Answer to Question #237181 in General Chemistry for Myca

Find the molecular masses of all species involved.

Al = 26.98 g/mol

Cl2 = 70.90 g/mol

AlCl3 = 133.33 g/mol

Convert the grams into moles.

moles of Al = g/mm = 20.00 g/26.98 g/mol = 0.74 moles of aluminum on hand.

moles of Cl2 = g/mm = 30.00 g/70.90 g/mol = 0.42 moles of chlorine on hand.

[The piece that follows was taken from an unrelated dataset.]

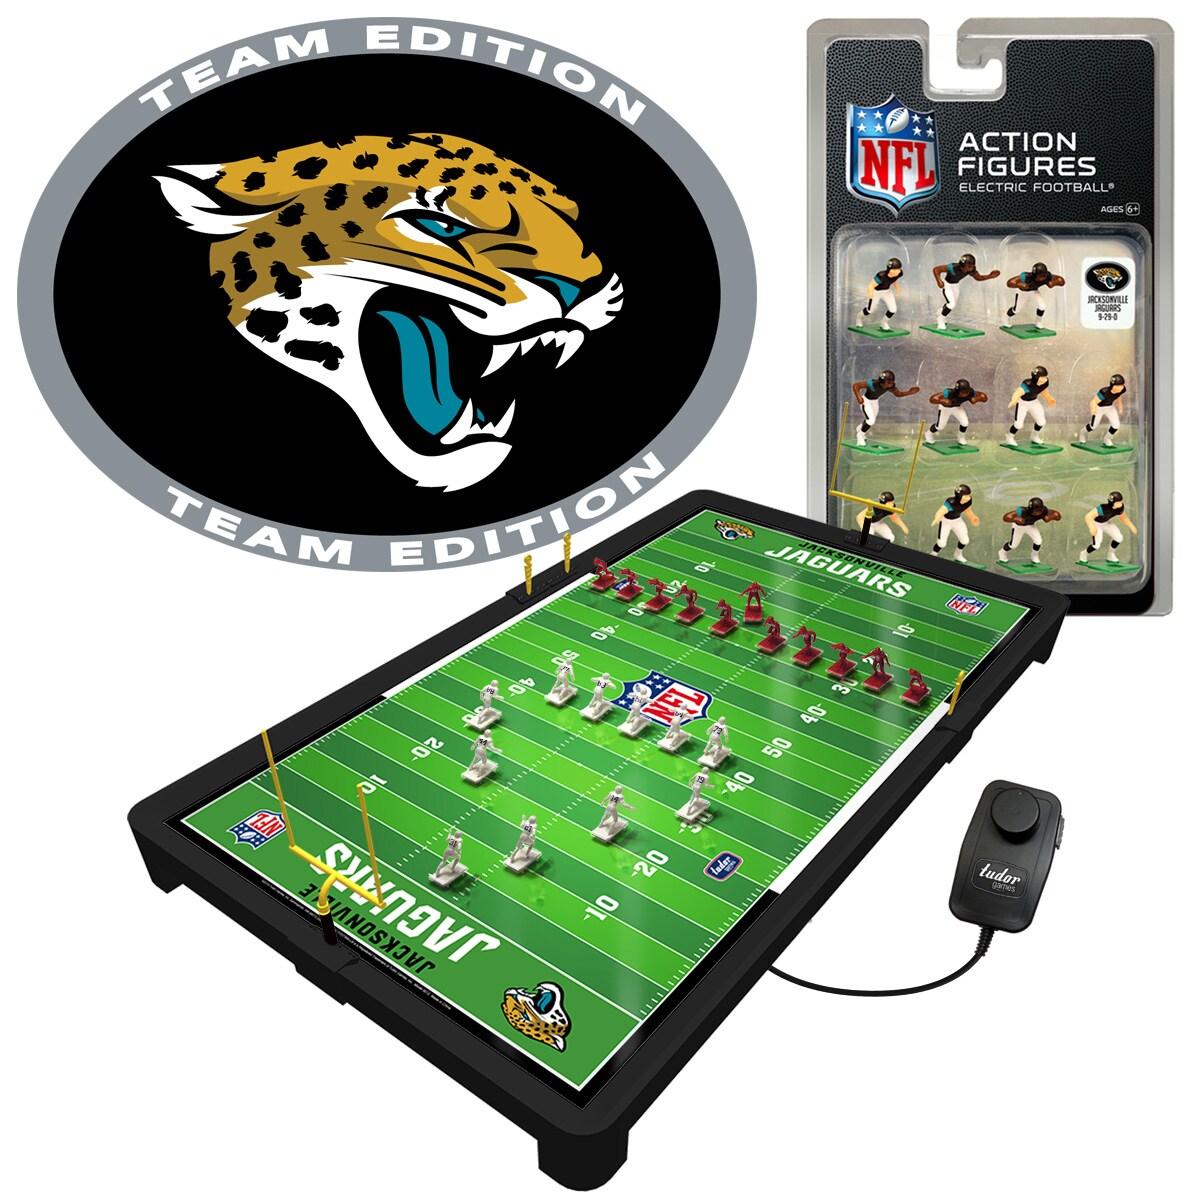 Jacksonville Jaguars Electric Football Game

Which is the limiting reagent?

IF we use all aluminum then:

2Al/0.74 = 3Cl2/X

X = 0.28 moles of aluminum are needed.

We don't have 1.11 moles of chlorine. We have 0.42 moles of chlorine. Therefore we

will run out of chlorine first. It is the limiting reactant

Use the limiting reactant to cross the ratio bridge and find the moles of AlCl3 that will

be produced.

3Cl2/0.42 mol = 2AlCl3/x

X = 0.28 moles of AlCl3 are produced

Grams of aluminum chloride are found with g = n * mm = 0.28 mol * 133.33 g/mol = 37.33 g

When 20.0 grams of aluminum and 30.0 grams of chlorine are

reacted according to the above equation, the chlorine is the limiting reactant and the

maximum yield of aluminum chloride is 0.28 moles or 37.33 grams.